Another observation is that Go has been very successful for writing high performance multithreaded server code. And guess what the only mainstream dynamic language with the same threading model is? Julia. Heck the other dynamic languages are mostly incapable of any actual threading let alone anything as fancy as Go and Julia. Now, of course, Julia’s implementation is nowhere near as mature or well-tuned for servers as Go’s is, but there are many reasons to believe that Julia will be increasingly popular for that kind of application among programmers who want easy, high performance concurrency but want to keep using a dynamic language.

21 Likes

Does that mean once an algorithm matures people will still ultimately rewrite it in C/C++ to get the best performance?

rarely you have a completely “figured out” subroutine with only primitive data type and doesn’t involve any part user ever want to customize.

Even tasks as “clearly defined” as what OpenBLAS does are not completely fixed due to the fact that one can have a special (sparse, hermitian) matrix and/or the matrix can be number-like but not IEEE floats. Compare to a (imaginative) BLAS written with Tullio which would have much more flexibility.

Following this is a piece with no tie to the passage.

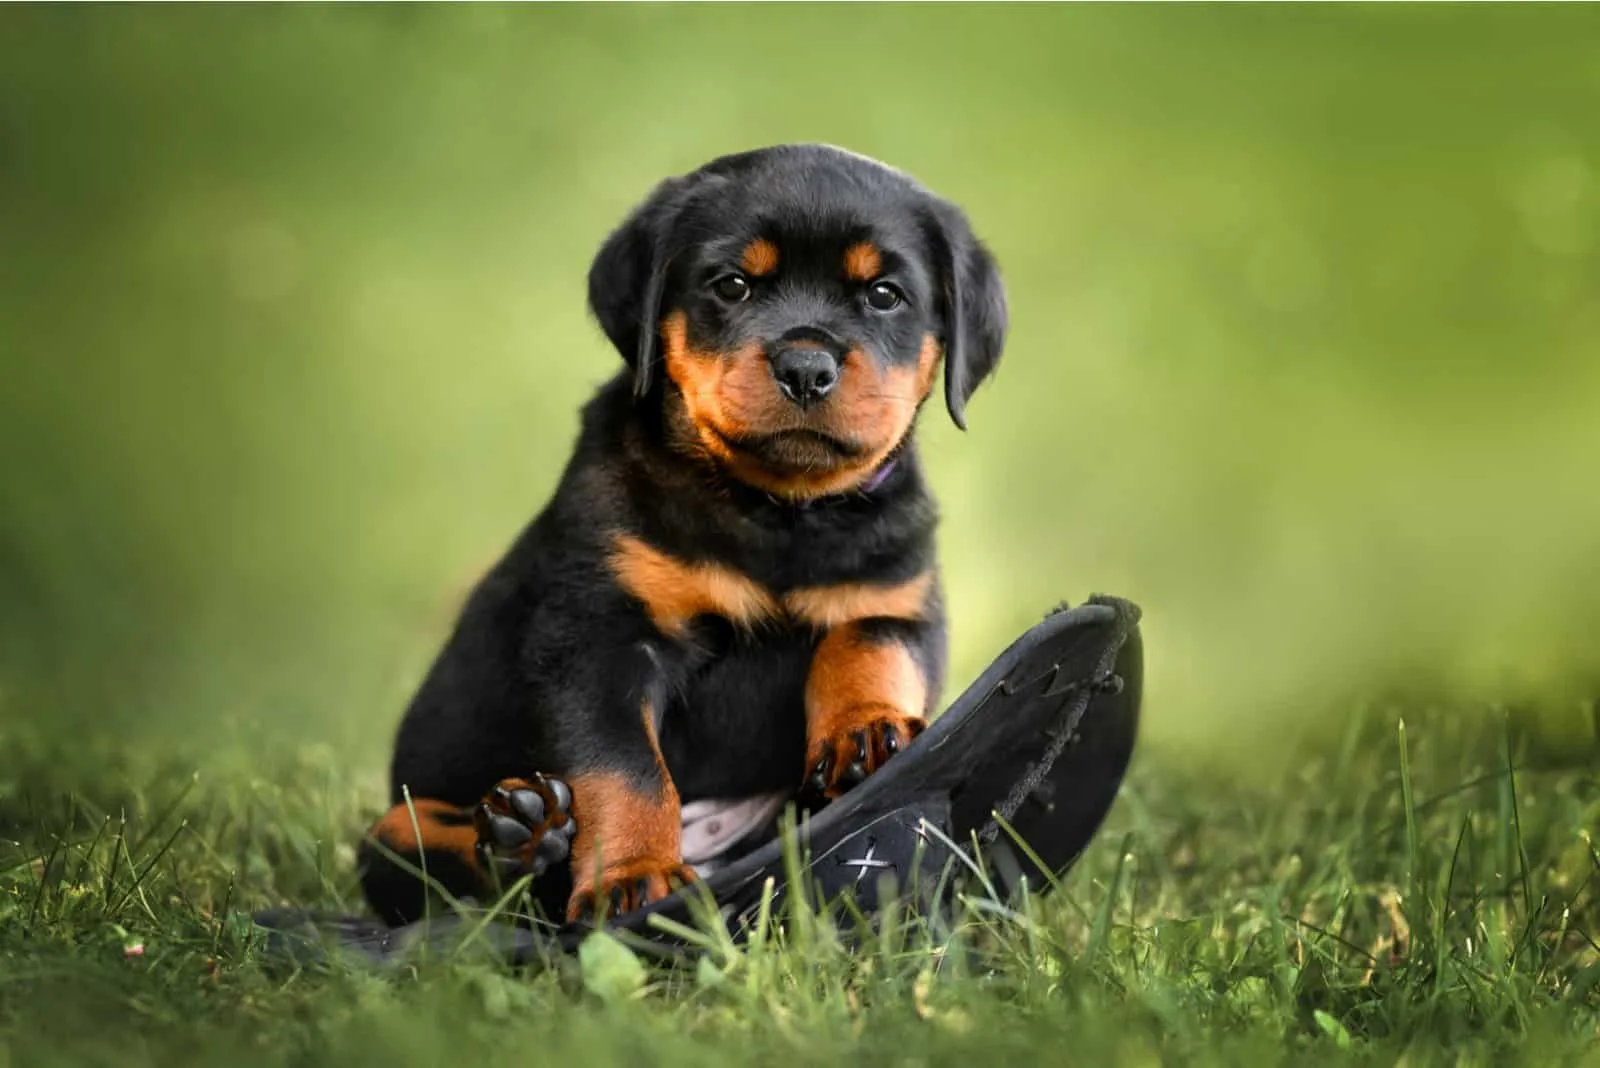 Rottweiler puppy standing on grass

so, technically yes, but it’s nothing compared to the infinitely more things that need to be customized or not even conceived at all.

1 Like

I don’t see why. One of the strengths of Julia is the macro system allowing you to get “under the hood” with minimal effort.
It would certainly be possible to do the high performance optimizations that you might do in C, in Julia.
Doesn’t loop_vectorization demonstrate that this is not only possible but is already being done ?

2 Likes

To clarify that statement a little: it’s not that Julia can’t reach the performance of highly tuned C libraries, it’s just that doing so takes a long time (although it probably takes more time to optimize C). The first draft of Julia code (if written by someone who knows how to use Julia) is generally competitive with non-tuned C, and Julia has more easy performance tuning than C (things like @avx, @simd etc). Then getting the last drops of performance out of either takes a lot of effort.

5 Likes

No. While Steven pointed out that because Julia uses the same LLVM compiler that compiles C code, and therefore isn’t generically faster than C, the converse is also true: C isn’t generically faster than Julia. In almost all situations I’ve encountered or cared enough to invest in, Julia = C for performance and is vastly more pleasant to code in. Yes, there are cases where you have to know how to write the code; parsing, like CSV and libdeflate, is a tricky case for Julia to handle because it’s intrinsically type-unstable. But the history of CSV parsing shows that with sufficient investment you can go from behind-the-competition to best-of-breed once Julia’s features are fully exploited. And it’s not like those other CSV libraries in other languages hadn’t had a lot of time invested in them.

35 Likes

This would probably come down to a time/cost vs performance gain. If Julia could only get to half the performance of C/C++ then yes, looks like you are going to do something in C/C++. If Julia gives you 98 to 99 percent the performance, is it really worth it? Now where that percentage cutoff is…that probably depends on the situation.

1 Like